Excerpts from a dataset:
=== Section Start ===
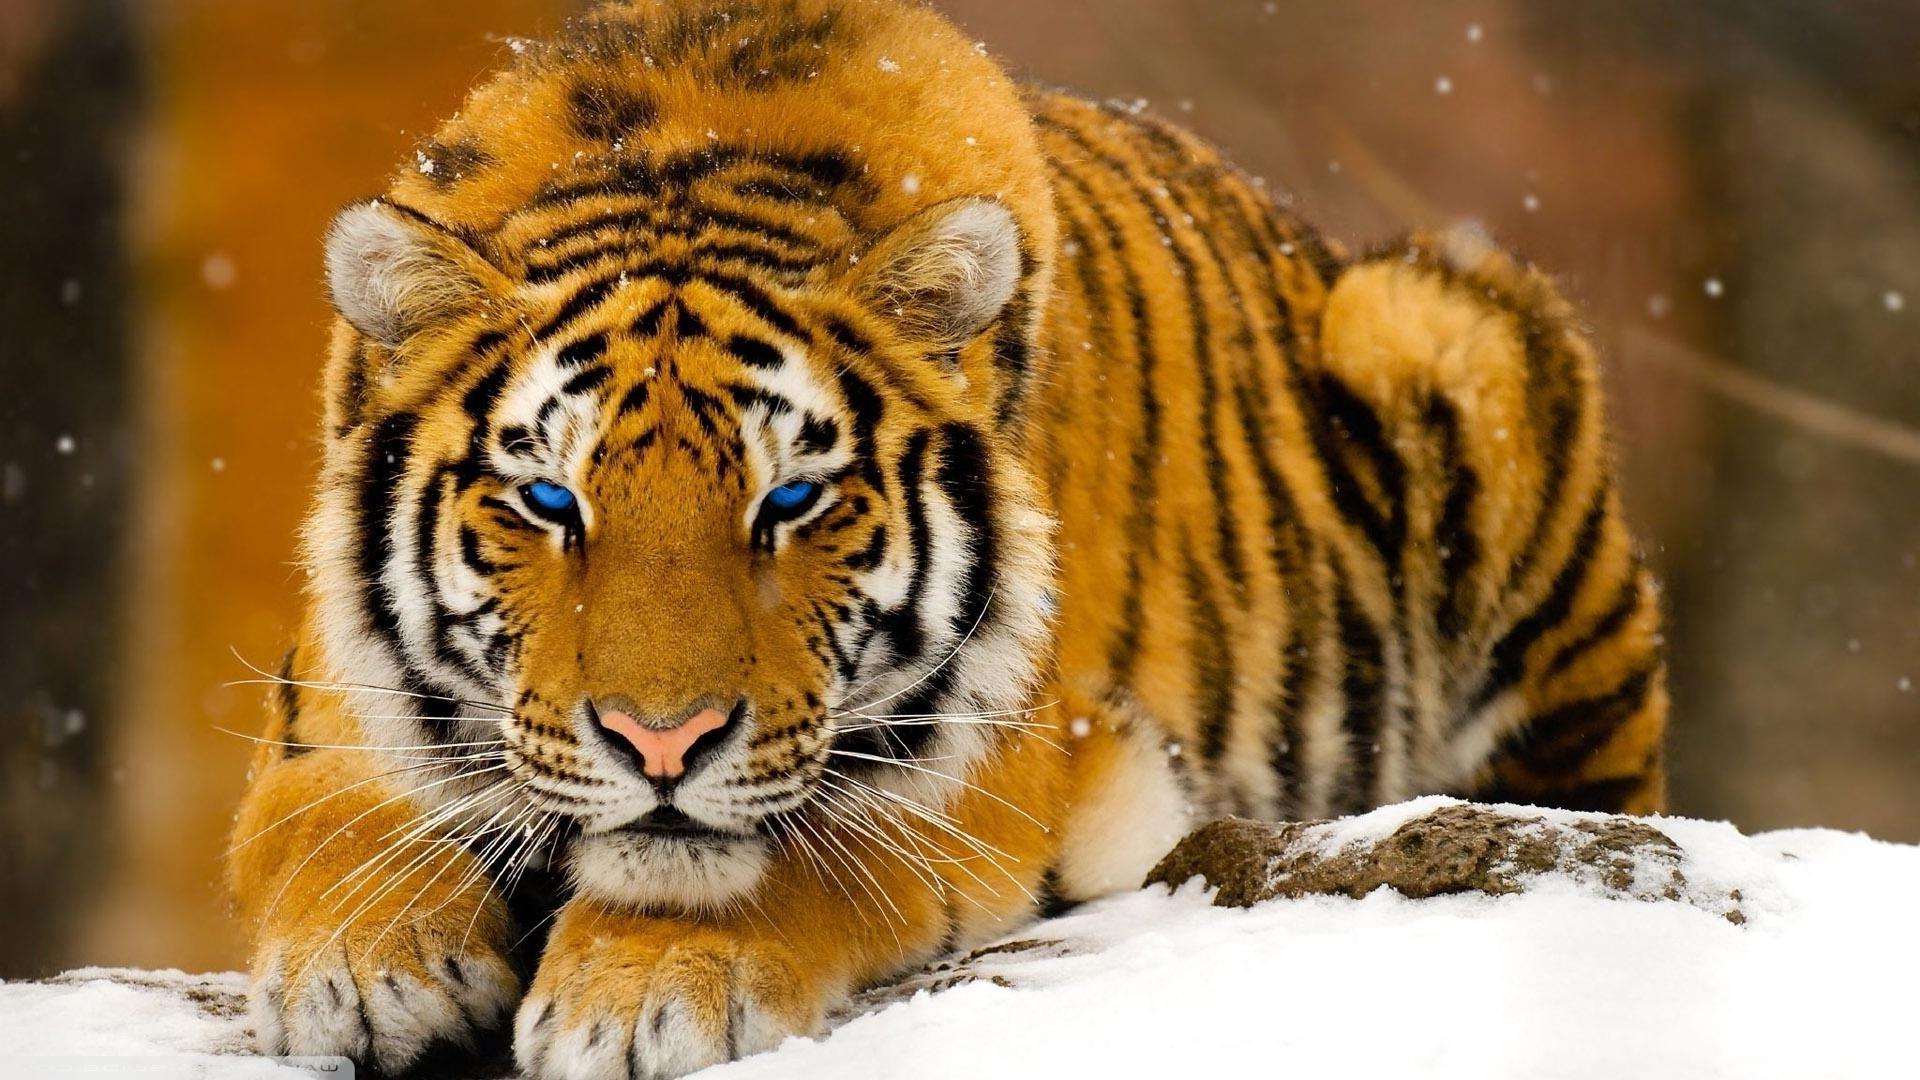 Tiger In Snow HD Wallpaperx1080
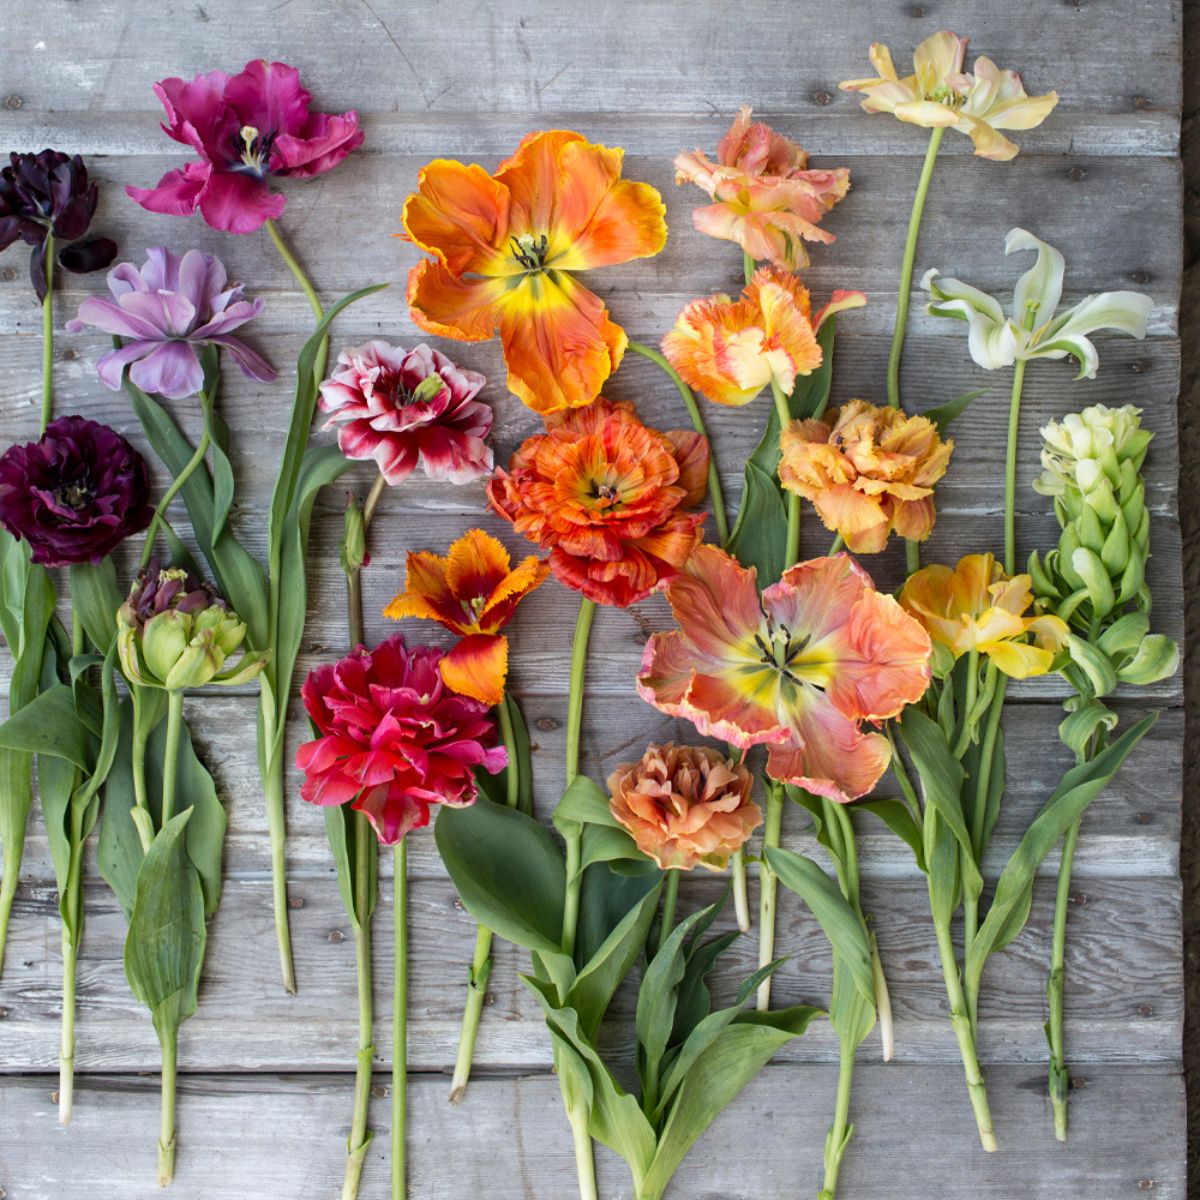 Floret Flower best flower Instagram accounts to follow in 2023
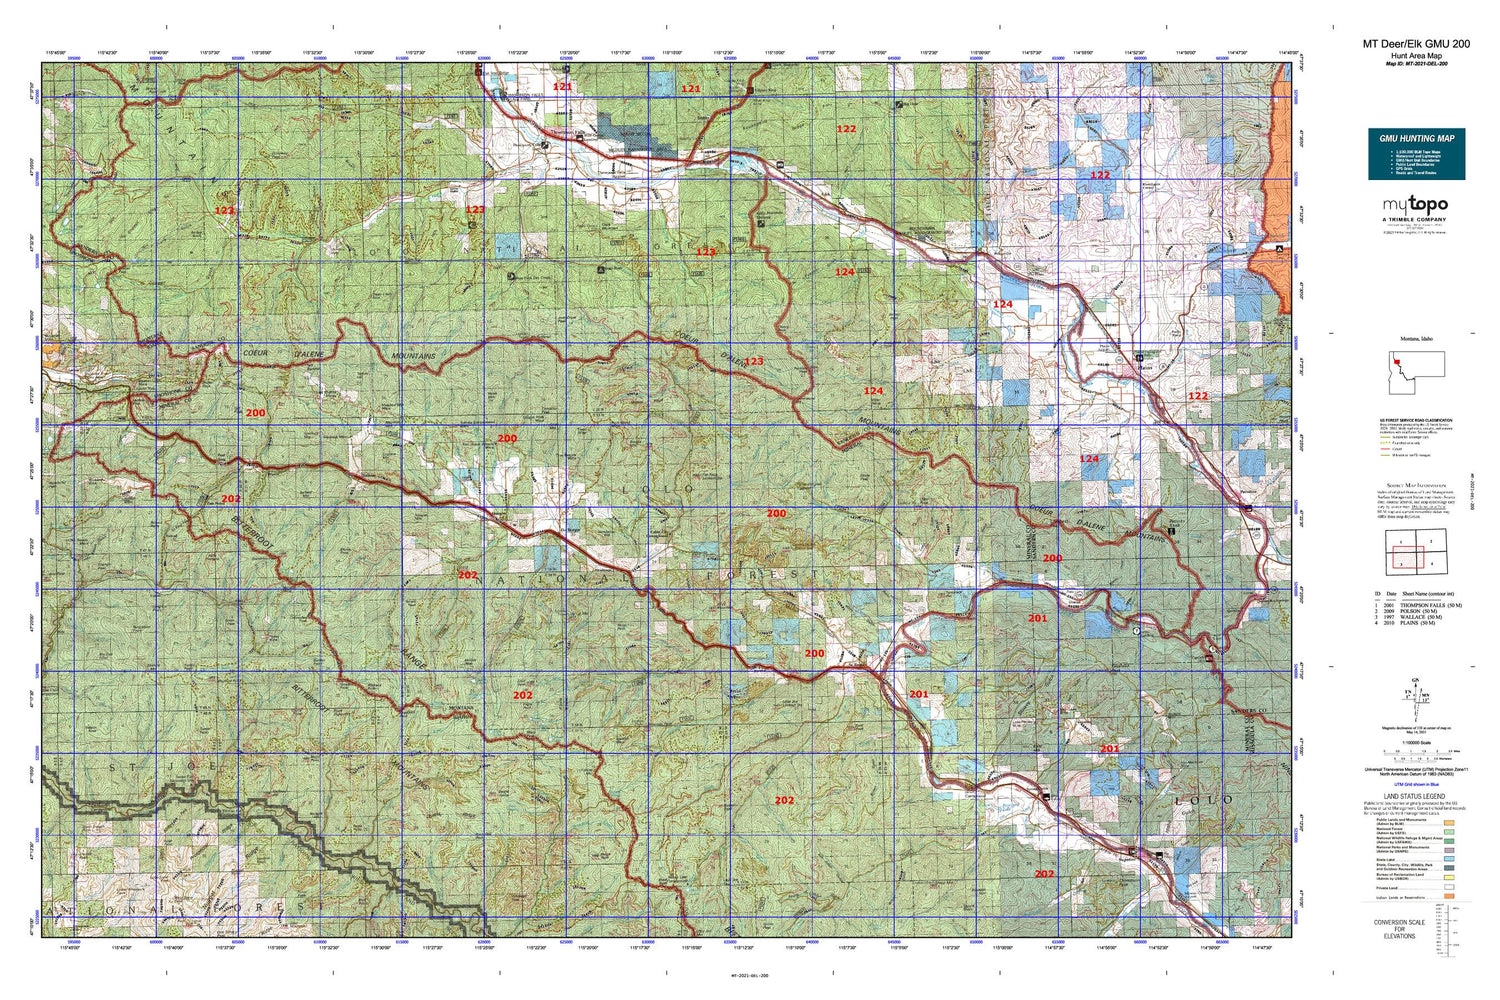 Montana Deer/Elk GMU 200 Map Image
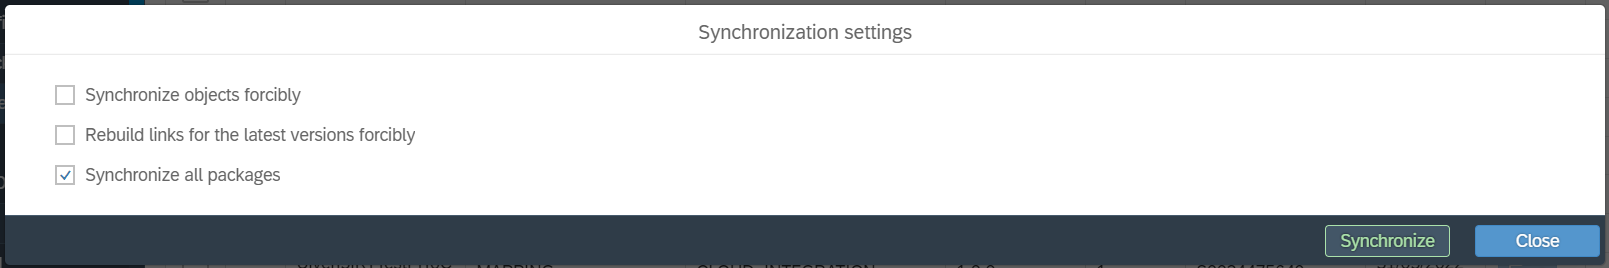 synchronization config dialog cpi
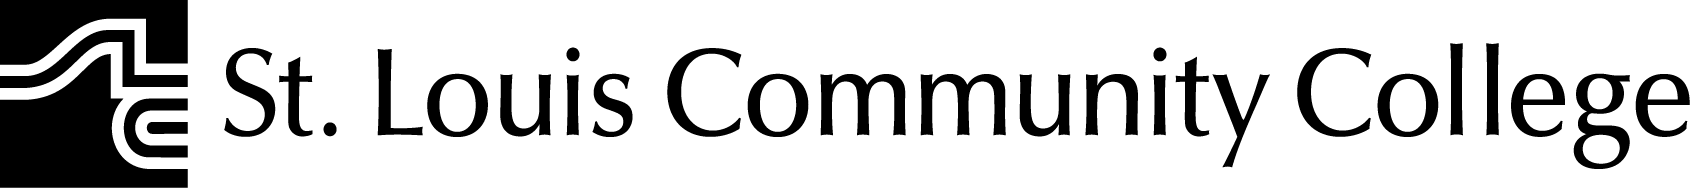 stlcc black logo
=== Section End ===
- **EXERCISE DESCRIPTION**: An exact restatement of the lines from the one holding "Montana Deer/Elk GMU 200 Map Image" through the end of the entries, both ends included, is the whole answer. Pictures stay out.

- **EXERCISE RESPONSE**:
 Montana Deer/Elk GMU 200 Map Image
 synchronization config dialog cpi
 stlcc black logo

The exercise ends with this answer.